PROBLEM TO SOLVE
Reproduce only the lines of the material below that start at the line containing "Product image for" and stop at the line containing "Floor plan of". Keep both end lines.

AVAILABLE DATA
◇ ◇ ◇ ◇
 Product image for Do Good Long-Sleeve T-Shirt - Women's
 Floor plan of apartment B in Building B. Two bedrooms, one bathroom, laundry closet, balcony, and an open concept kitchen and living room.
◇ ◇ ◇ ◇
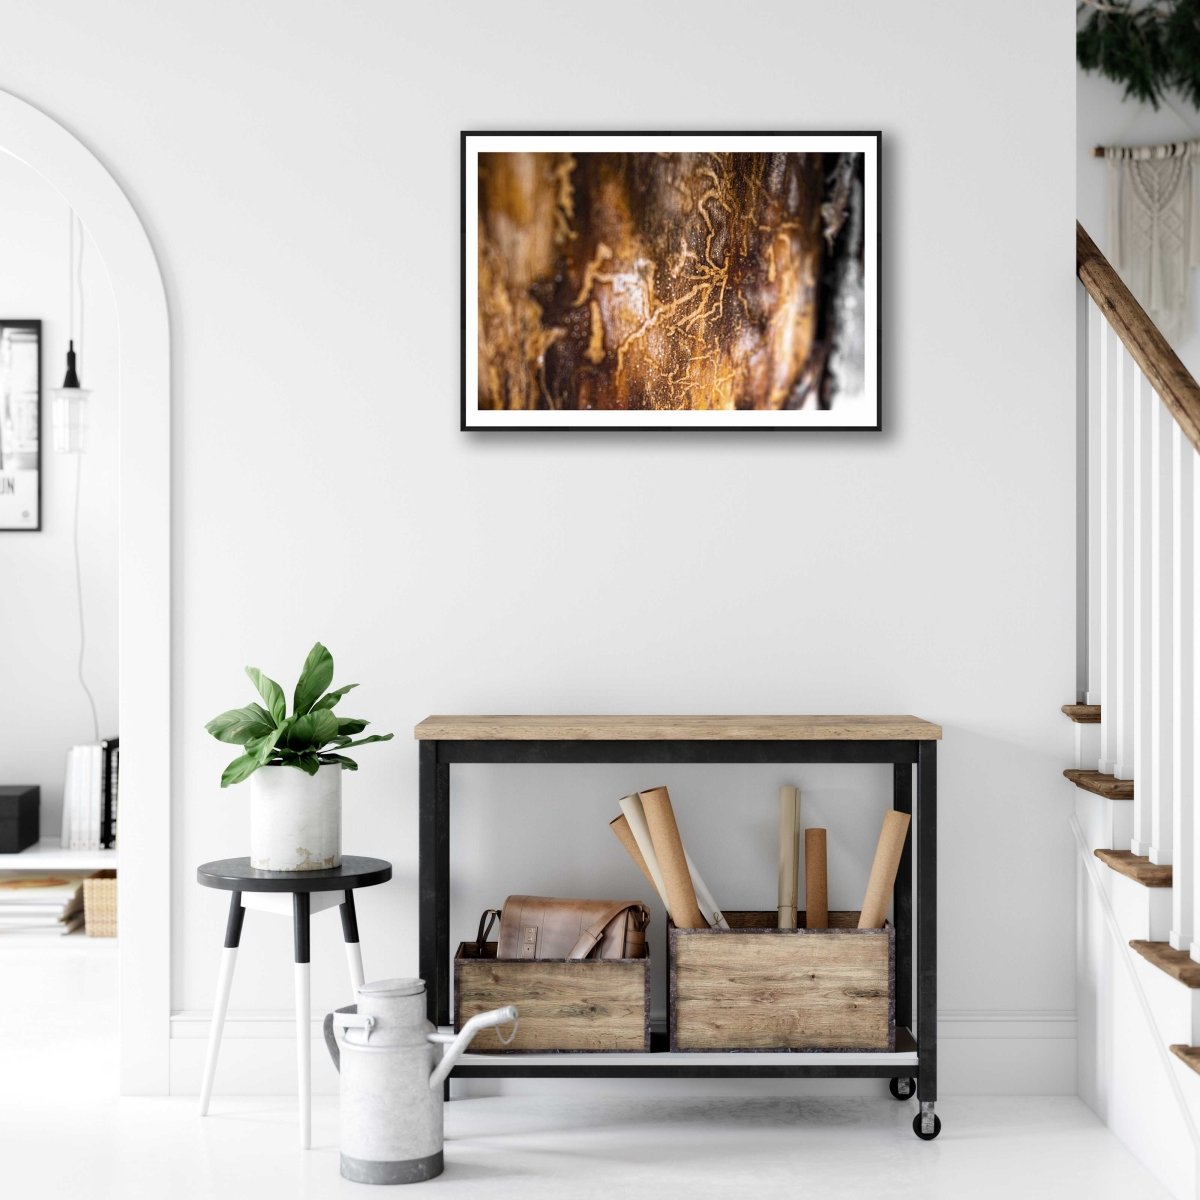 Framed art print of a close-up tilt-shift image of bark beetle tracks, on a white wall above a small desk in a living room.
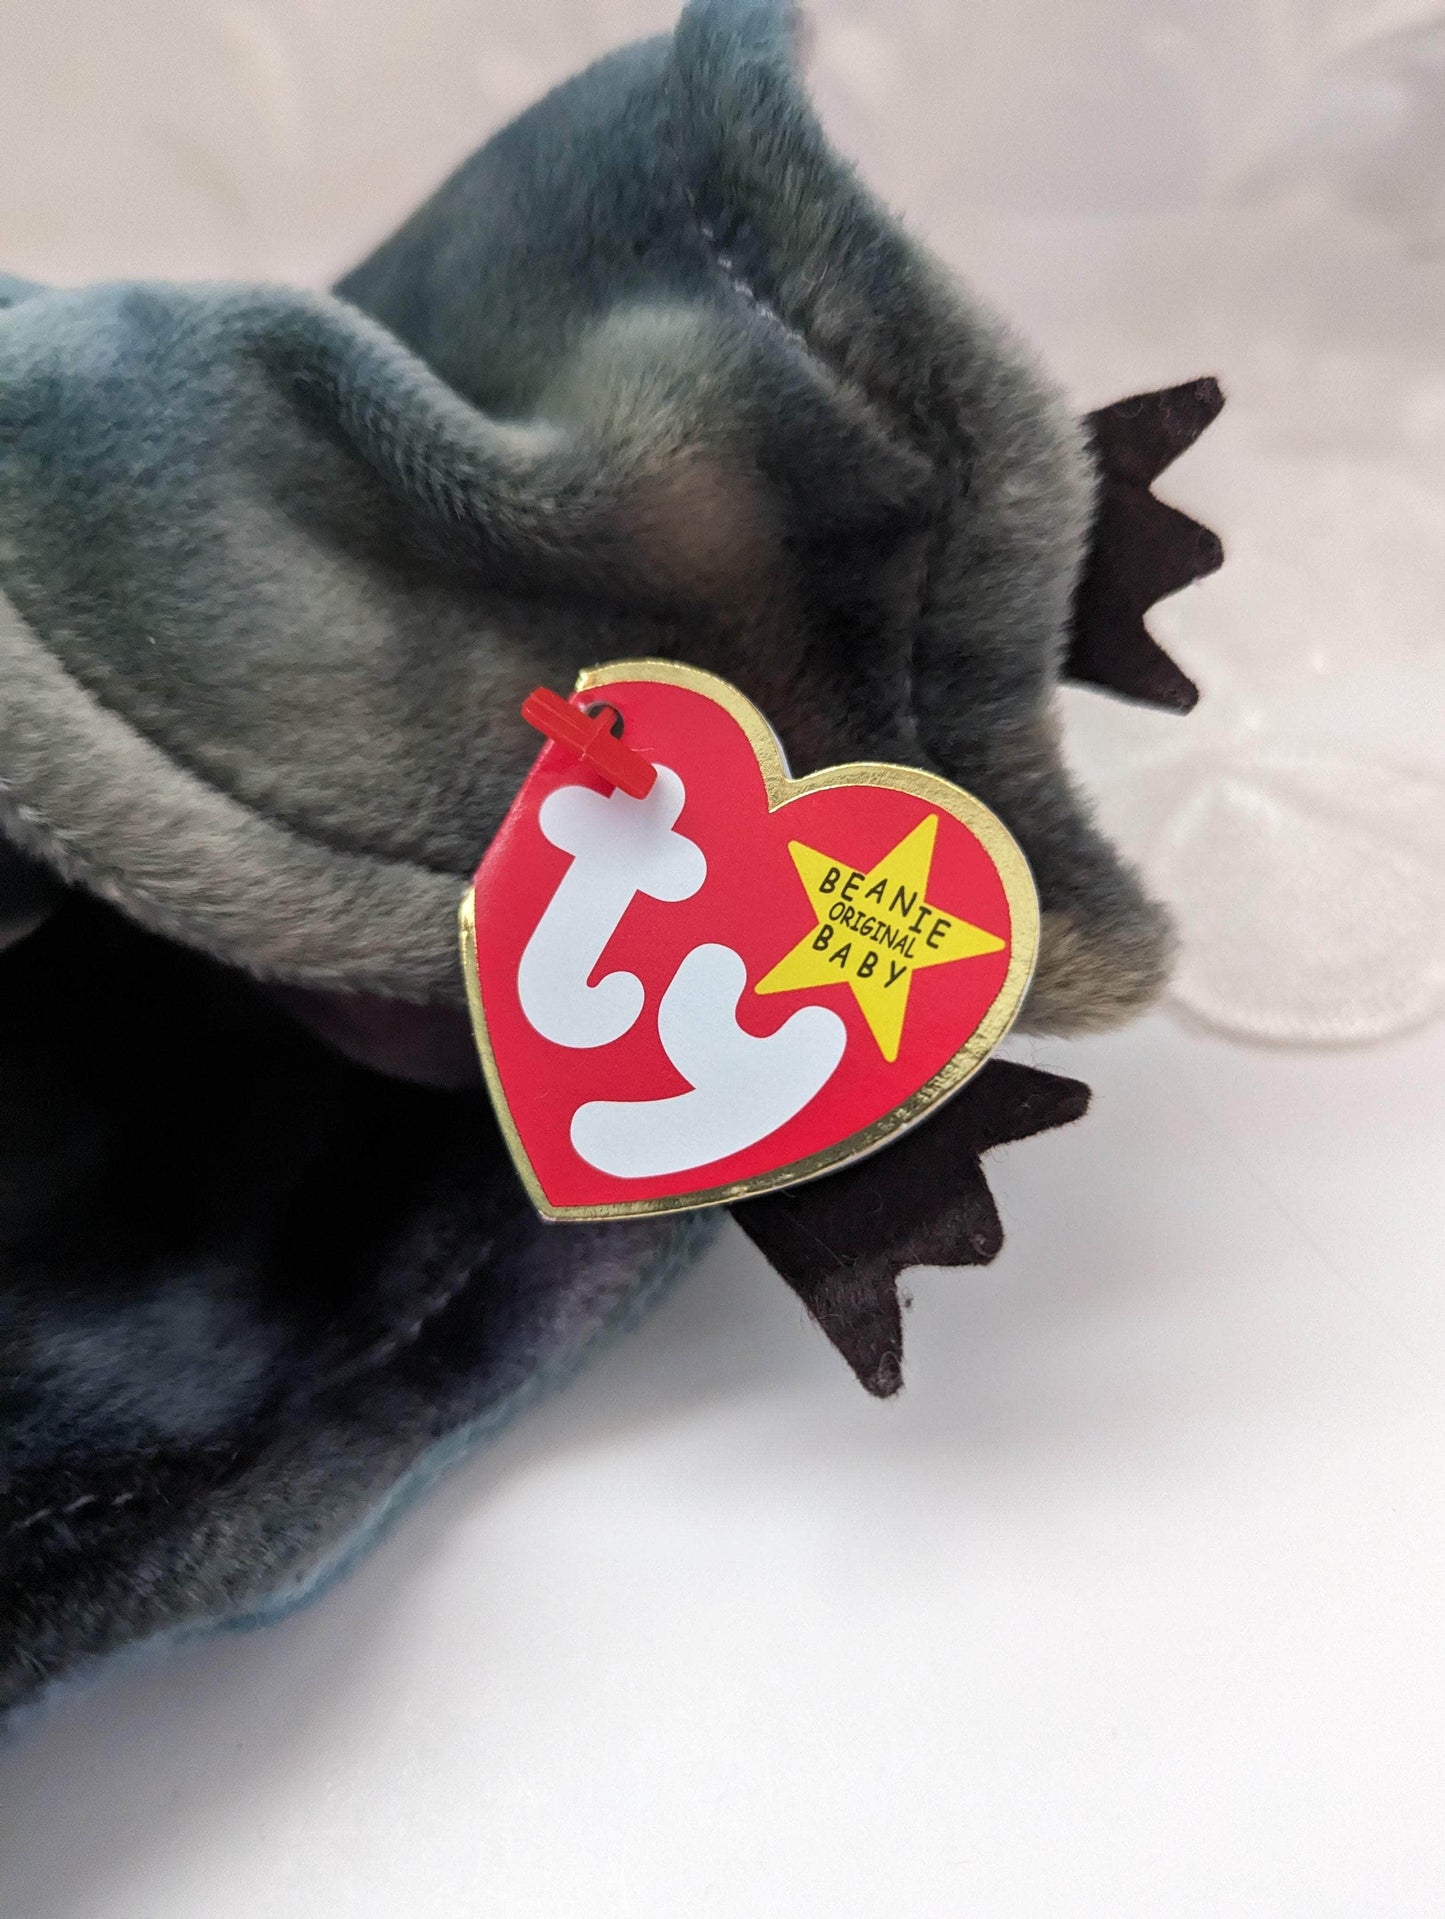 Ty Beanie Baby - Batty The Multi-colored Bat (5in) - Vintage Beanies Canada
◇ ◇ ◇ ◇
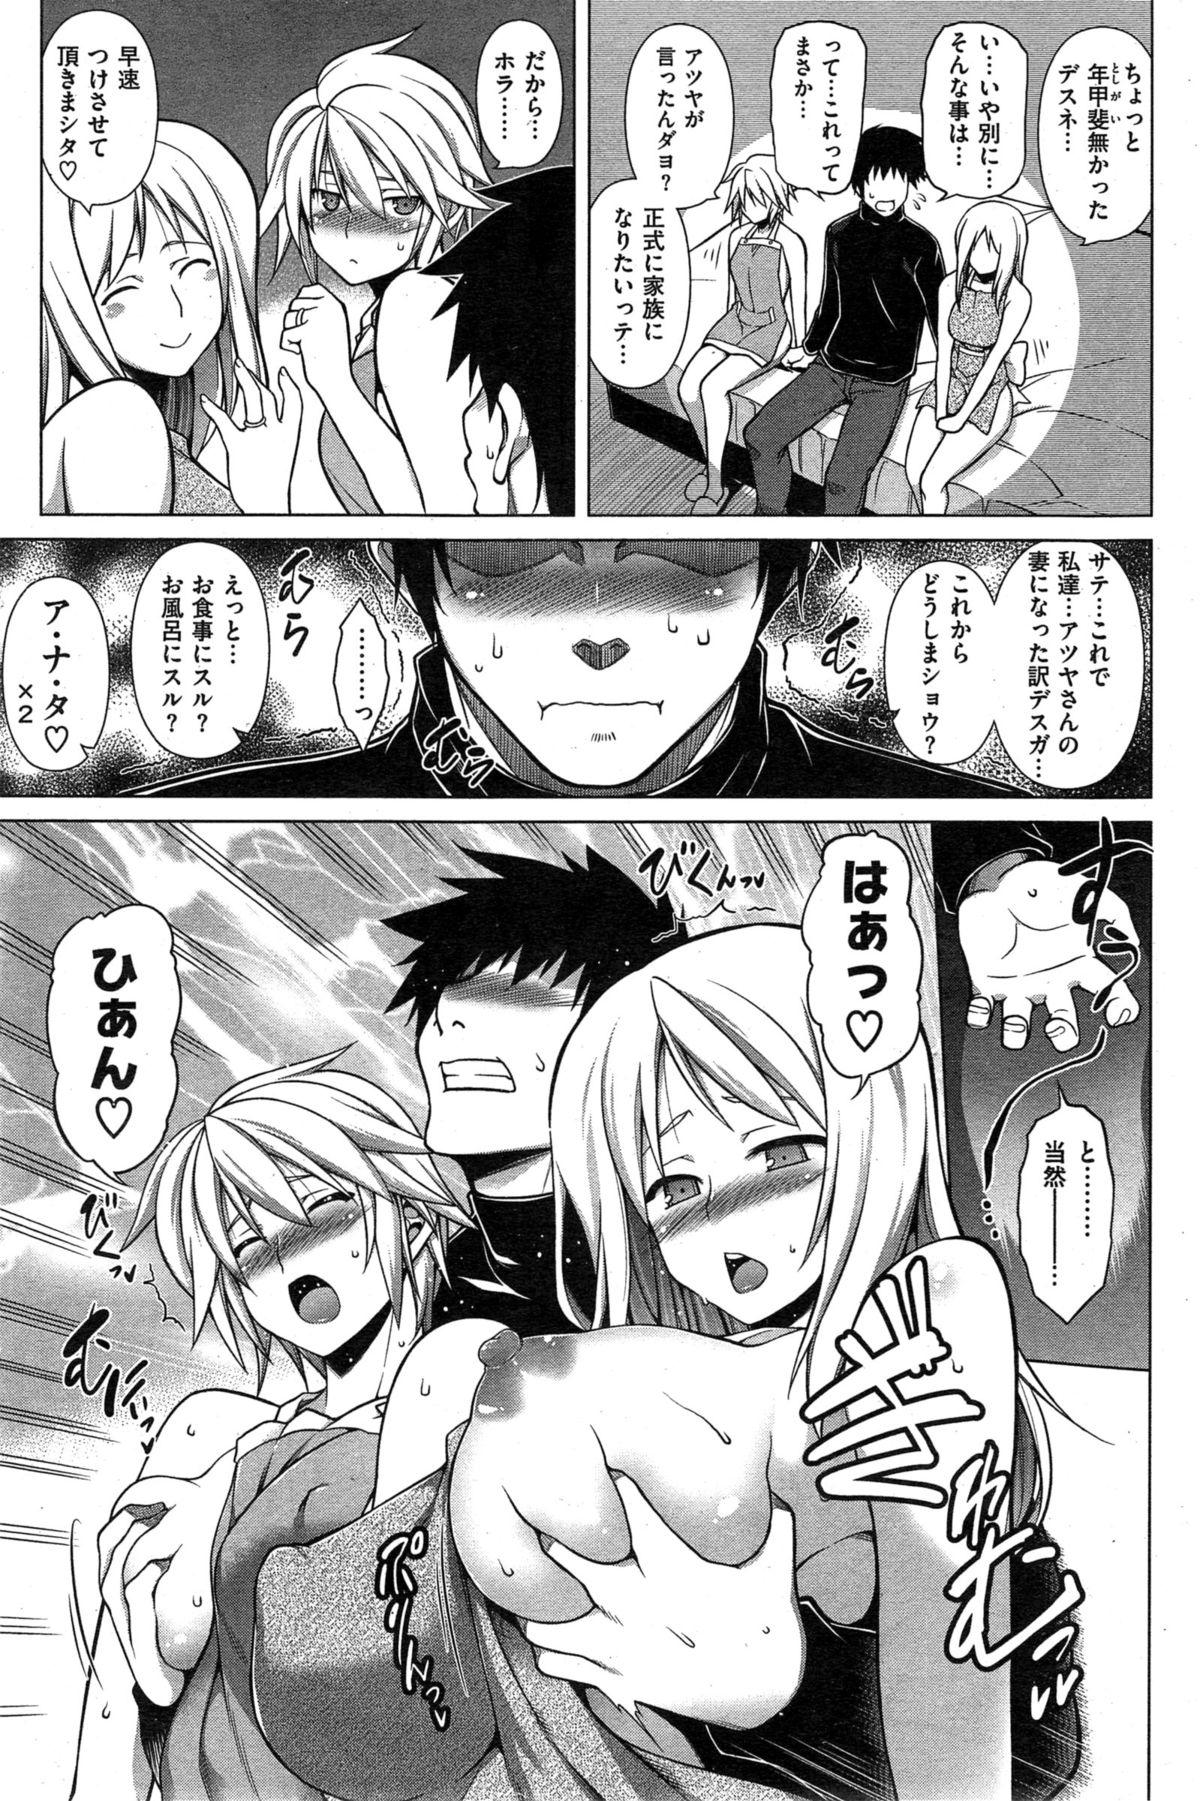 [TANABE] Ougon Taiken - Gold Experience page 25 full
◇ ◇ ◇ ◇
ANSWER SECTION
 Product image for Do Good Long-Sleeve T-Shirt - Women's
 Floor plan of apartment B in Building B. Two bedrooms, one bathroom, laundry closet, balcony, and an open concept kitchen and living room.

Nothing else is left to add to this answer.